El
mes de mayo es un mes florido, claro y luminoso; un mes que dedicábamos a la
Virgen. Me parece que entro en el instituto y a mi izquierda, contemplo todavía
el pequeño altar que se alzaba al fondo del amplio pasillo. ¿En qué momento nos
acercábamos al altar y dejábamos nuestras flores de papel a los pies de la
imagen de María? ¿En qué clase habíamos escrito las ofrendas que se guardaban
entre sus pétalos? Sé que formábamos dos hileras, que se movían hacia el altar mientras
cantábamos con voz engolada: Venid y
vamos todos, con flores a María, con flores a porfía, que madre nuestra es.
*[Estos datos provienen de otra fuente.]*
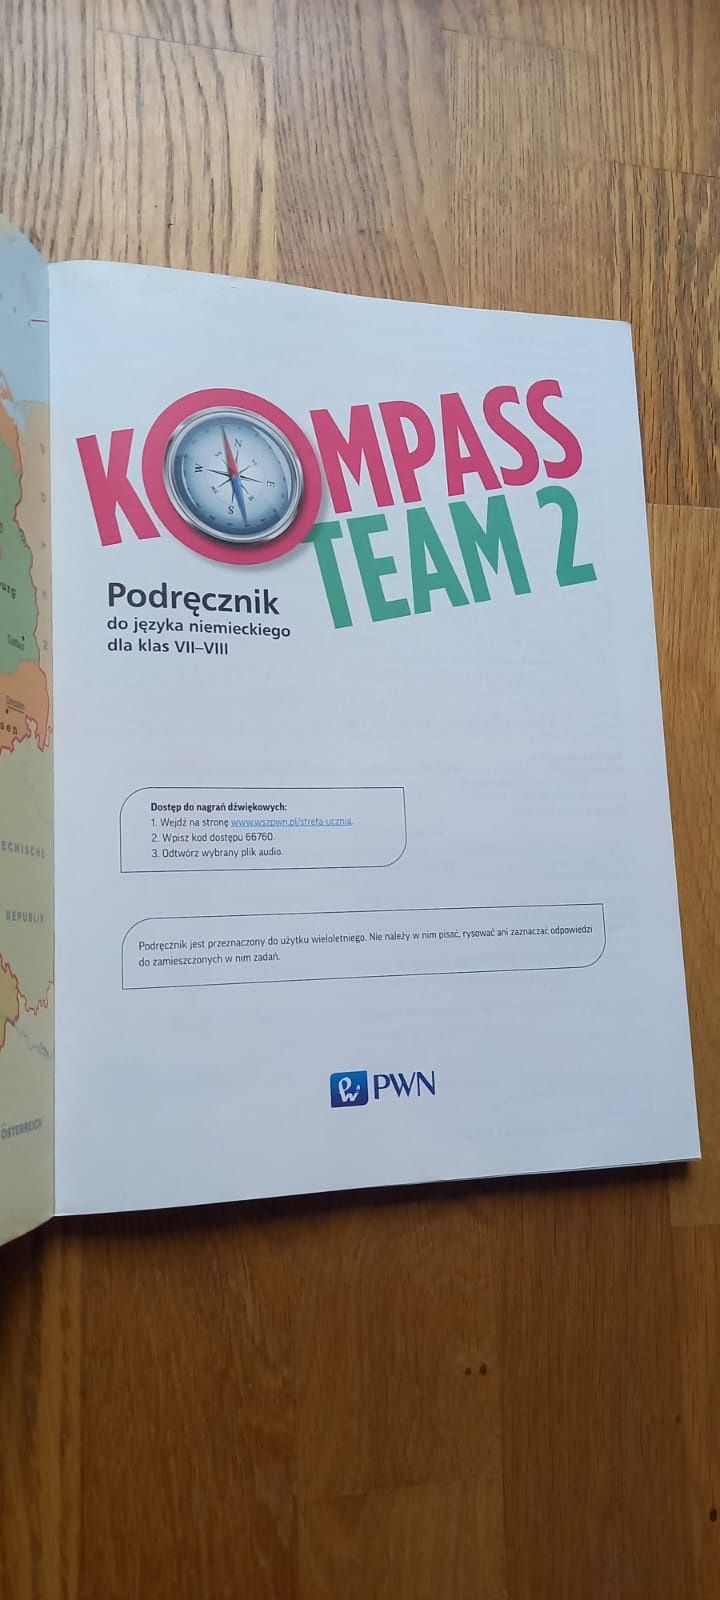 Kompass team 2- podrecznik do jezyka niemieckiego dla klas 7-8

Seguro que me creéis si os digo que nunca entendí lo de las flores a porfía.
Nadie
me explicó por qué hacíamos fiesta precisamente el día de san Fernando. Todavía
no lo sé. A Fernando III el Santo le conocía desde la escuela, y se me
representa sin esfuerzo sobre un caballo que cocea a un moro derrotado. Lo
cierto es que el 30 de mayo todos íbamos de excursión, por ejemplo, al río San
Pedro. Al parecer, de esa manera despedíamos las clases por ese curso y nos
tomábamos un respiro antes de los exámenes finales de junio. Así que ya podéis
imaginarnos enfilando la carretera de Macotera en medio de bromas y canciones
que todos coreábamos. Las deportivas y los pantalones cortos era el atuendo más
repetido, que para eso íbamos al campo.
Tal
era mi contento que, desde el primer paso, supe que el sol dorado nos
acompañaría hasta el regreso; ya por el camino se entretuvo tostando las
primeras espigas maduras de cebada; abrillantaba el verde de las cunetas; volvía
más rojas las amapolas que jugaban al corro, aquí y allá, entre los trigales. Hasta
el cielo quiso vestirse de azul para todo el día. A uno y otro lado, mientras
caminaba, el paisaje se me ofrecía inabarcable. Era un camino que yo había
hecho, y que volvería a hacer muchas veces más, un día andando, otro en
bicicleta; casi siempre buscando un baño imposible en algún remanso, donde el
hilo del agua se acumulaba con desgana a la sombra del aliso o del fresno, y
que apenas refrescaría mis canillas. Pues es lo que tenía ese río, el único que
considerábamos nuestro, que no llevaba agua cuando más nos hubiese gustado: en los
veranos de Peñaranda, siempre tórridos.
A
finales de mayo como estábamos, aún pude chapotear un buen rato con mis
compañeros hasta enturbiar el agua, mientras llegaba la hora de comer. En eso
consistió el primer baño del verano. La caminata, los juegos y tanta
salpicadura me abrieron el apetito, al que vino a aderezar el inconfundible
olor a paella. La pila de troncos y ramas secas, apilada en la explanada, había
mermado mucho. La parte que faltaba era ahora la brasa sobre la que se
calentaba una paellera soberbia. Las cocineras del instituto descargaban en ese
momento el arroz, que iba ocultando el refrito y los tropezones de pollo; y en el
aire se mezclaron sus aromas con los que desprendían el tomillo salsero y
alguna mata de espliego. Poco después, cada quien con sus amigos, se sentó a
comer con ganas lo que encontró en el respectivo plato de plástico. Yo
aseguraría que lo alterné con unos buenos bocados del generoso pedazo de pan
blanco que me tocó en el reparto.
Foto sacada de la página "Peñaranda de Bracamonte, fotos antiguas", aportada por Carmen Jiménez del Castillo.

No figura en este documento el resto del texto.